- The bill designates the vice president’s role in Electoral College vote counts as ceremonial.
- The bill raises the threshold to challenge state electors in Congress to 20% of the House and Senate.
WASHINGTON – Legislation to overhaul the 1887 Electoral Count Act, which was at the heart of former President Donald Trump’s efforts to overturn the 2020 election, is included in the spending bill Congress will debate and vote on this week.
The compromise arrives as the legislative clock ticks down on the current session of Congress. The spending package must be approved in some form in order to keep the government functioning until Oct. 1, so including the election bill in the 4,155-page legislation improves its chances for passage.
Sens. Susan Collins, R-Maine, and Joe Manchin, D-W.Va., who led negotiations on the election bill, said Tuesday in a joint statement the bill would fix “flaws of the archaic and ambiguous” law.
Here is the latest about the election legislation:
- The compromise raises the threshold to challenge presidential electors from the states to 20% of the House and Senate, rather than the current one lawmaker from each chamber.
- The House had voted to raise the threshold to one-third of the lawmakers from each chamber, but the compromise stuck with the Senate position of 20%.
- The bill explicitly states the vice president’s role in overseeing the counting of Electoral College votes is ceremonial, which both chambers sought to clarify.
- When states submit official slates of electors, their documents must bear the state seal and contain at least one security feature verifying its authenticity.

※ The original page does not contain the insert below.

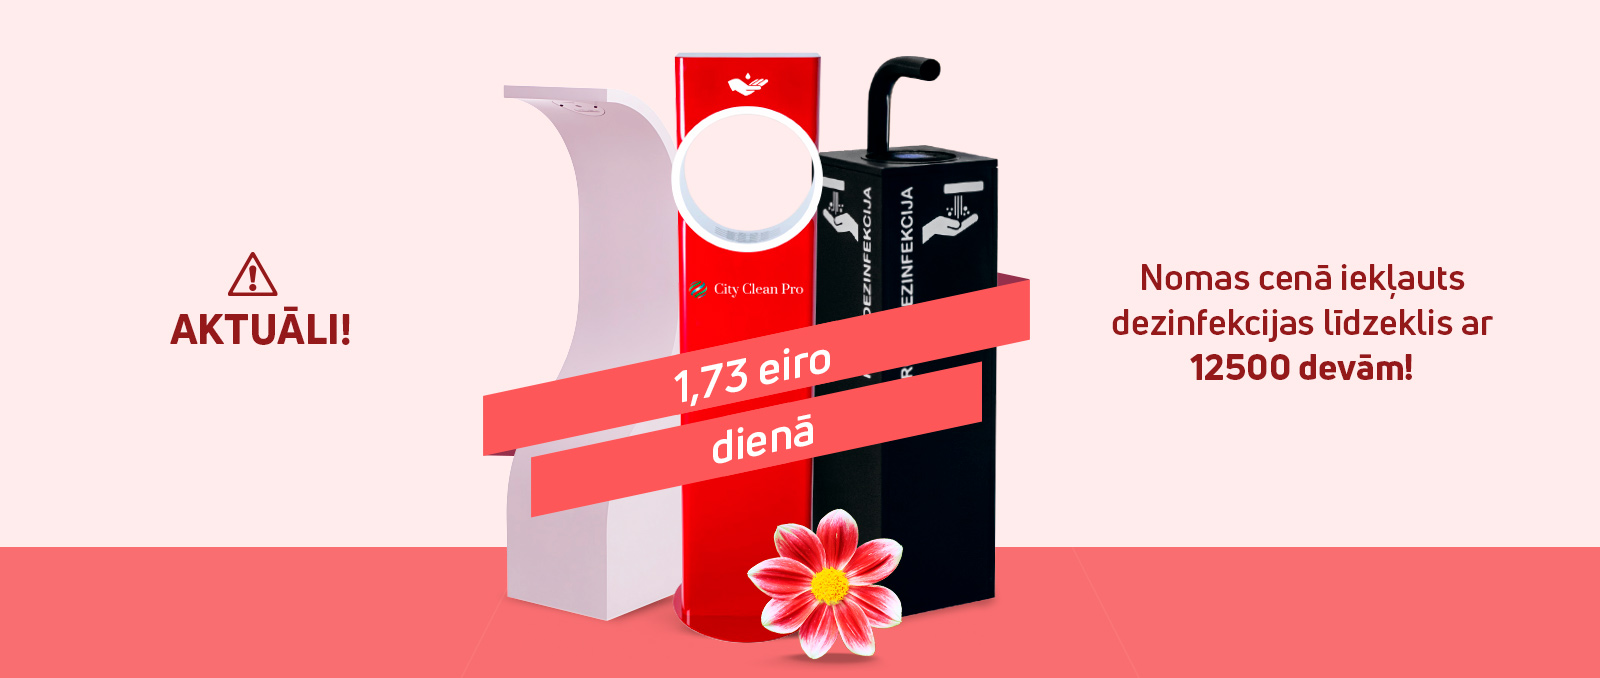 Bezkontakta roku stends / dozators / dispensers 2-lv

- Any legal challenge to state electors in federal court would be expedited and heard by a District Court panel of three judges comprised of two appellate judges and one district judge.
- Appeals would head straight to the Supreme Court.
Election overhaul drew broad bipartisan support
Two members of the House committee that investigated the Capitol attack on Jan. 6, 2021, drafted the House version: Reps. Zoe Lofgren, D-Calif., and Liz Cheney, R-Wyo. The House had approved their version in September by a vote of 229-203.
The Senate version was negotiated by a dozen bipartisan lawmakers and won a key endorsement from Minority Leader Mitch McConnell, R-Ky.
Legislation aims to reduce confusion about Electoral College vote count
Congress counts Electoral College votes from the states on Jan. 6 after a presidential election. The event is historically tedious, but became a flashpoint for a riot in 2021 as Trump fought to overturn the election results.
John Eastman, one of Trump’s personal lawyers, proposed a strategy for his supporters in seven key states that President Joe Biden won to send alternate slates of electors to Congress.
If those states flipped to Trump, Eastman argued he could potentially have won the election. If fake electors created enough confusion about a state’s results, Eastman argued Vice President Mike Pence single-handedly could have thrown the election to the House where GOP lawmakers could potentially have kept Trump as president because Republicans controlled a majority of state delegations.
But Pence refused to participate in the scheme. That is why rioters set up a gallows outside the Capitol and chanted “hang Mike Pence” as they rampaged through the building.
U.S. District Judge David Carter ruled in a case dealing with a committee subpoena that Trump and Eastman “more likely than not” dishonestly conspired to obstruct Congress through the scheme.